Friday, September 15, 2006

Mom Answers Important Questions From Opponent


For anybody who doesn't think I'm a serious candidate, think again. I got some very important questions on this blog already, and I just announced my campaign today.

That's what happens when your last name is unique yet instantly recognizable around the world. My opponents have no chance against me. No chance at all.

What follows is my response to Libertarian Presidential Candidate Kent McManigal and I'm sure everyone will find those answers to be both brilliant and thought-provoking.

Hiya, Kent, and thanks for blogging. That's showing good leadership.

I will answer your very important issue questions in the order received, although of course like any good President I reserve the right to later say I didn't say what I said:

"Wanna debate?"

Sure, that would be a lot of fun. We could have the very first blogospheric debates in history. Sure, it'll be a pain in the ass for people to go back and forth between our blogs, but that's their problem, not ours.


"Paper or plastic?"

Paper. Plastic takes too long to biodegrade and, even more importantly, it doesn't keep my groceries upright in the trunk.

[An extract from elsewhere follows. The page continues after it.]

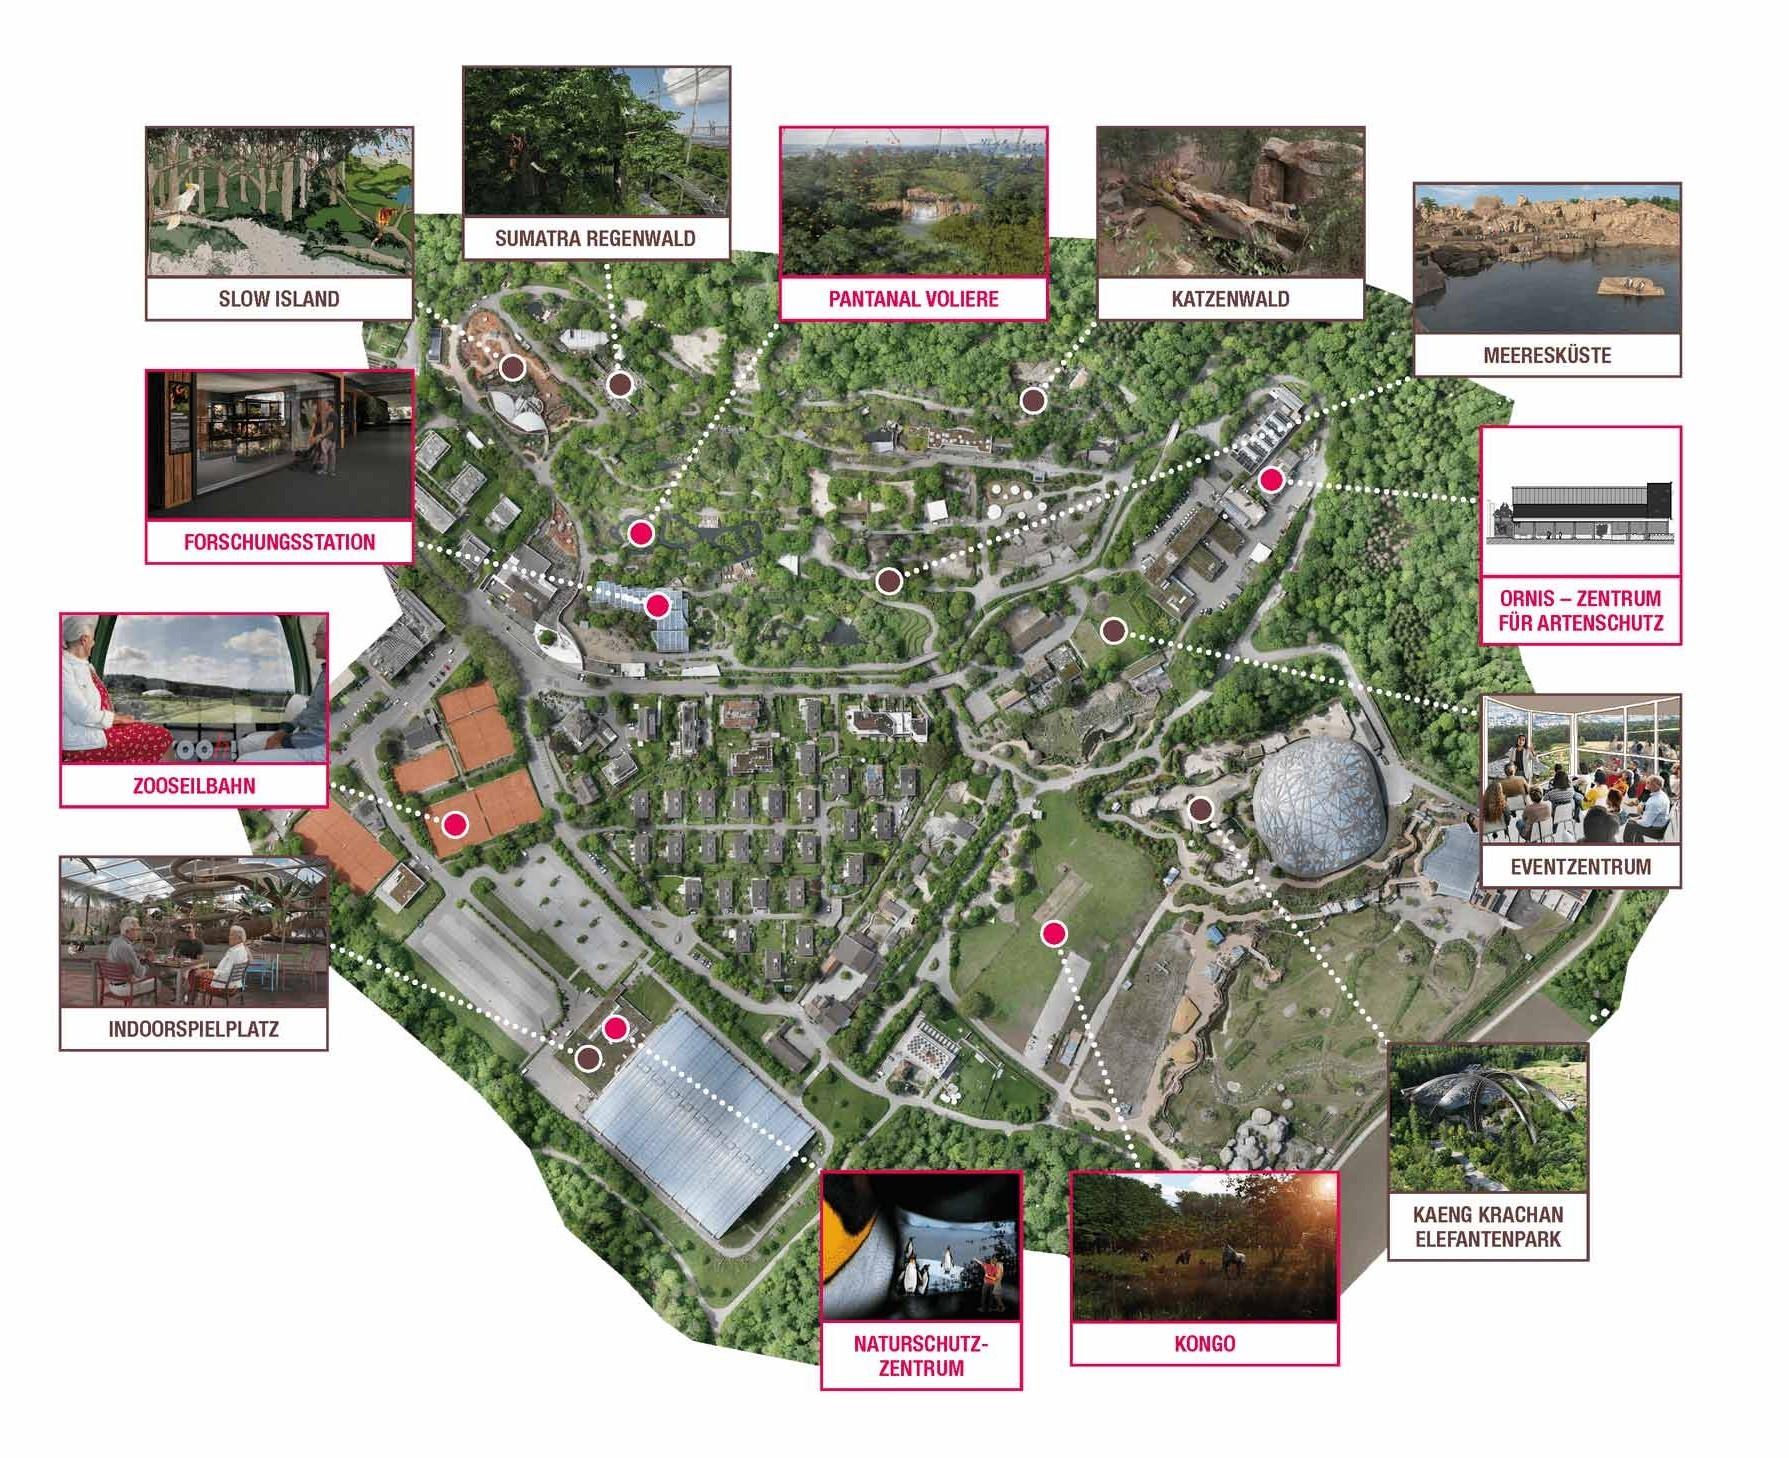 Les projets de construction en un coup d'œil. Les projets jusqu'en 2030 (en rouge) font déjà l'objet d'une planification concrète, les projets à partir de 2031 (en brun) sont en phase de conception étendue.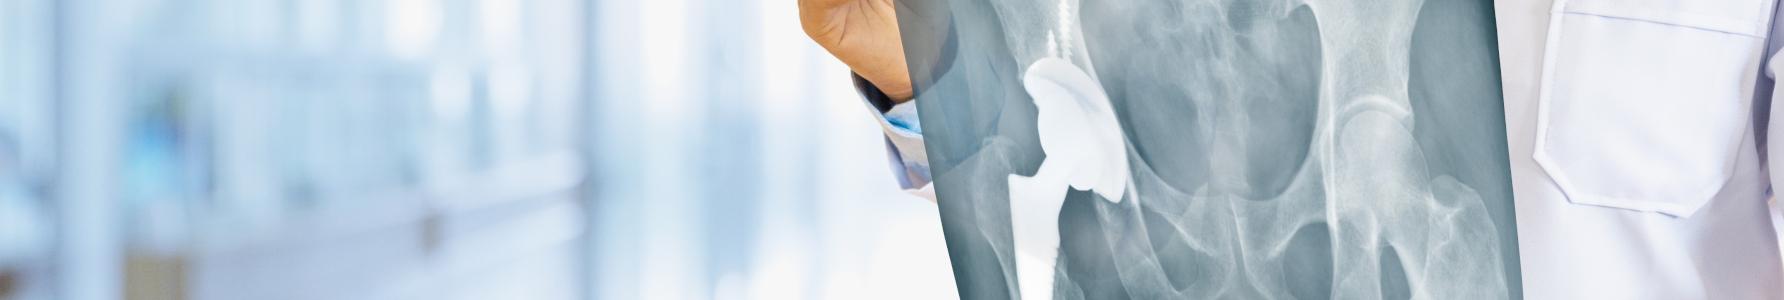 Choroba Pageta - lekarz trzymający zdjęcie RTG miednicy i kończyn dolnych.

"Do you plan any hunger strikes?"

I would, except that, if I lost too much weight, everybody would then automatically assume I'm a supermodel rather than a serious Presidential candidate. I therefore don't see the publicity value in starving myself, unless of course I simultaneously shave my head, wear a toga, perform an exorcism, and threaten to set myself on fire.


"If not togas, what about suits of armor?"

I can wear a dress ... er, I mean, a toga ... without looking like a really ugly cross-dresser. My opponent Gene Chapman can't make that claim, and I doubt you can either. That's yet another important reason why everyone in America should vote for "Mom" in the 2008 elections!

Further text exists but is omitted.